October 13, 2018

Sreekanth B

NetSuite Most Frequently Asked Data Science Interview Questions Answers

What is the difference between Cluster and Systematic Sampling?

Cluster sampling is a technique used when it becomes difficult to study the target population spread across a wide area and simple random sampling cannot be applied. Cluster Sample is a probability sample where each sampling unit is a collection, or cluster of elements. Systematic sampling is a statistical technique where elements are selected from an ordered sampling frame. In systematic sampling, the list is progressed in a circular manner so once you reach the end of the list,it is progressed from the top again. The best example for systematic sampling is equal probability method.

Are expected value and mean value different?

They are not different but the terms are used in different contexts. Mean is generally referred when talking about a probability distribution or sample population whereas expected value is generally referred in a random variable context.

For Sampling Data

Mean value is the only value that comes from the sampling data.

Expected Value is the mean of all the means i.e. the value that is built from multiple samples. Expected value is the population mean.

For Distributions

Mean value and Expected value are same irrespective of the distribution, under the condition that the distribution is in the same population.

What does P-value signify about the statistical data?

P-value is used to determine the significance of results after a hypothesis test in statistics. P-value helps the readers to draw conclusions and is always between 0 and 1.

•           P- Value > 0.05 denotes weak evidence against the null hypothesis which means the null hypothesis cannot be rejected.

•           P-value <= 0.05 denotes strong evidence against the null hypothesis which means the null hypothesis can be rejected.

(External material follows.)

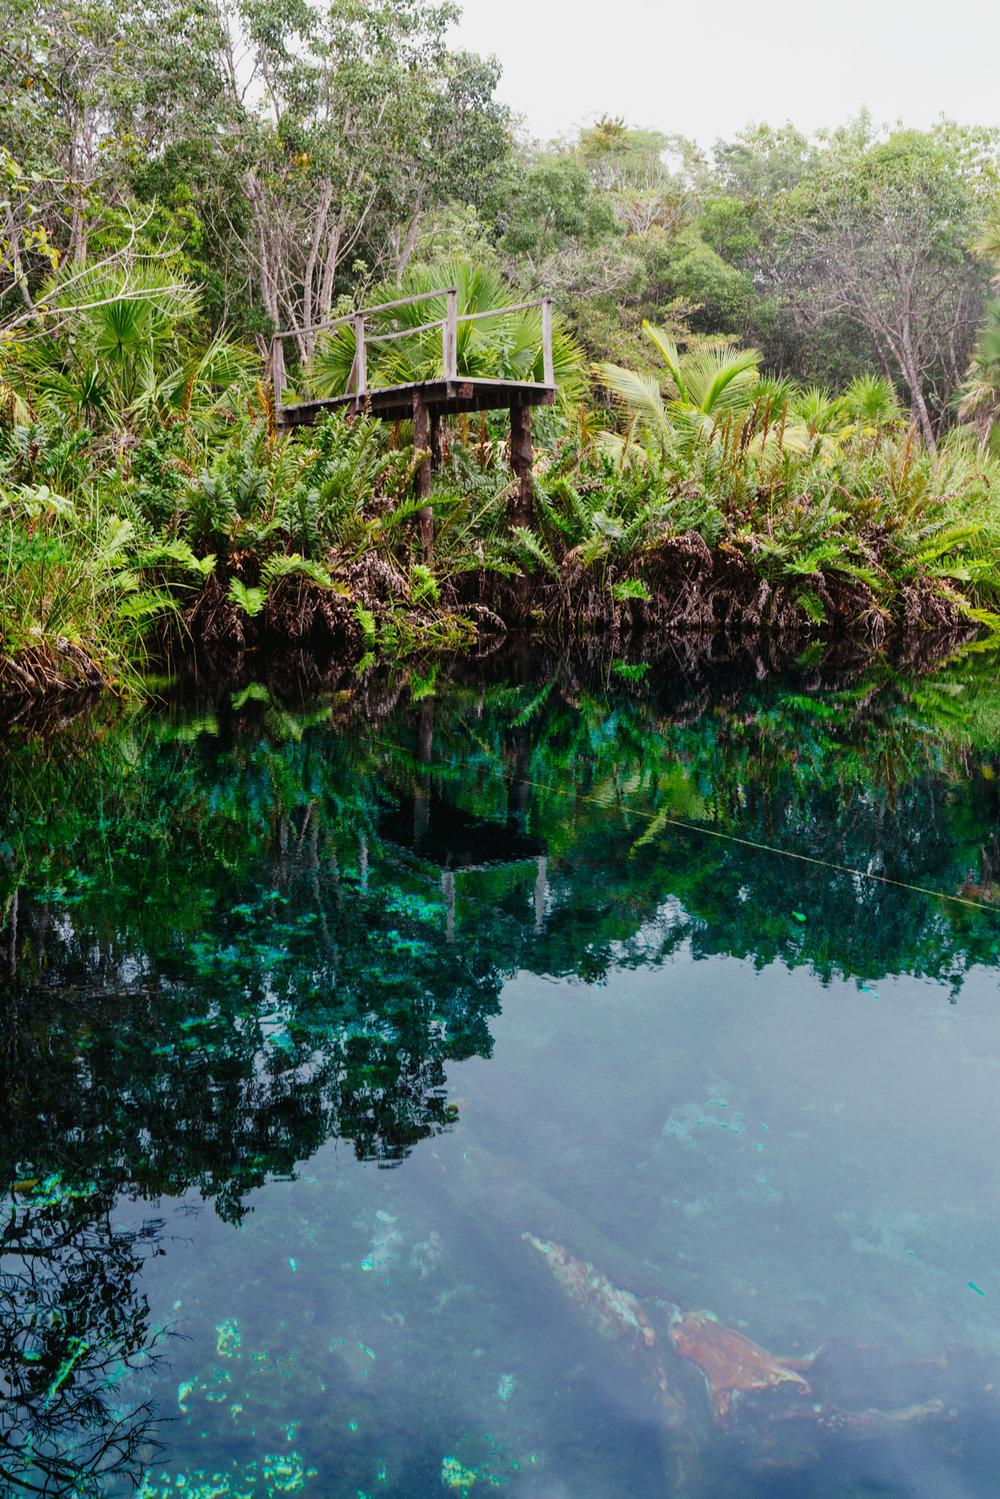 Cenote Cristal submerged tree

•           P-value=0.05is the marginal value indicating it is possible to go either way.
NetSuite Most Frequently Asked Data Science Interview Questions Answers
NetSuite Most Frequently Asked Data Science Interview Questions Answers

If you dealt 13 cards, what is the probability that the 13th card is a King?

A) 1/52
B) 1/13

C) 1/26

D) 1/12

Ans: (B)

Since we are not told anything about the first 12 cards that are dealt, the probability that the 13th card dealt is a King, is the same as the probability that the first card dealt, or in fact any particular card dealt is a King, and this equals: 4/52

A fair six-sided die is rolled 6 times. What is the probability of getting all outcomes as unique?

A) 0.01543
B) 0.01993
C) 0.23148
D) 0.03333

Ans: (A)

For all the outcomes to be unique, we have 6 choices for the first turn, 5 for the second turn, 4 for the third turn and so on

Therefore the probability if getting all unique outcomes will be equal to 0.01543


You are given a data set consisting of variables having more than 30% missing values? Let’s say, out of 50 variables, 8 variables have missing values higher than 30%. How will you deal with them?

We can deal with them in the following ways:

Assign a unique category to missing values, who knows the missing values might decipher some trend

We can remove them blatantly.

Or, we can sensibly check their distribution with the target variable, and if found any pattern we’ll keep those missing values and assign them a new category while removing others.

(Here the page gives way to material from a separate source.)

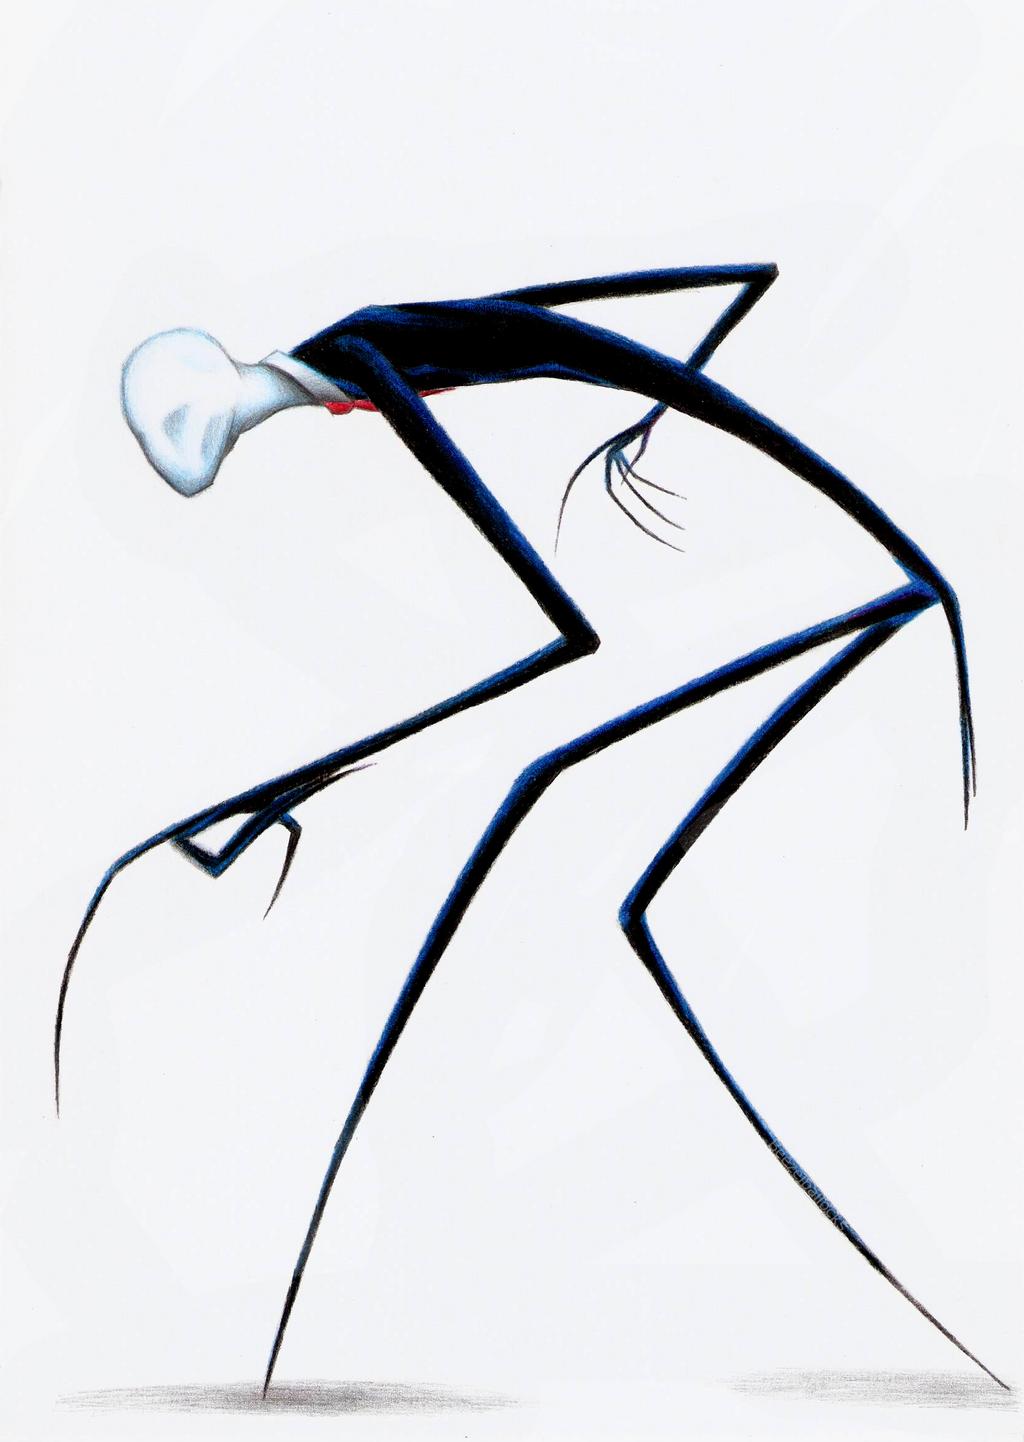 The Slender Man by Beezelballocks

‘People who bought this, also bought…’ recommendations seen on amazon is a result of which algorithm?

The basic idea for this kind of recommendation engine comes from collaborative filtering.

Collaborative Filtering algorithm considers “User Behavior” for recommending items. They exploit behavior of other users and items in terms of transaction history, ratings, selection and purchase information. Other users behaviour and preferences over the items are used to recommend items to the new users. In this case, features of the items are not known.

What do you understand by Type I vs Type II error ?

Type I error is committed when the null hypothesis is true and we reject it, also known as a ‘False Positive’. Type II error is committed when the null hypothesis is false and we accept it, also known as ‘False Negative’.

In the context of confusion matrix, we can say Type I error occurs when we classify a value as positive (1) when it is actually negative (0). Type II error occurs when we classify a value as negative (0) when it is actually positive(1).

You are working on a classification problem. For validation purposes, you’ve randomly sampled the training data set into train and validation. You are confident that your model will work incredibly well on unseen data since your validation accuracy is high. However, you get shocked after getting poor test accuracy. What went wrong?

In case of classification problem, we should always use stratified sampling instead of random sampling. A random sampling doesn’t takes into consideration the proportion of target classes. On the contrary, stratified sampling helps to maintain the distribution of target variable in the resultant distributed samples also.

You have been asked to evaluate a regression model based on R², adjusted R² and tolerance. What will be your criteria?

Tolerance (1 / VIF) is used as an indicator of multicollinearity. It is an indicator of percent of variance in a predictor which cannot be accounted by other predictors. Large values of tolerance is desirable.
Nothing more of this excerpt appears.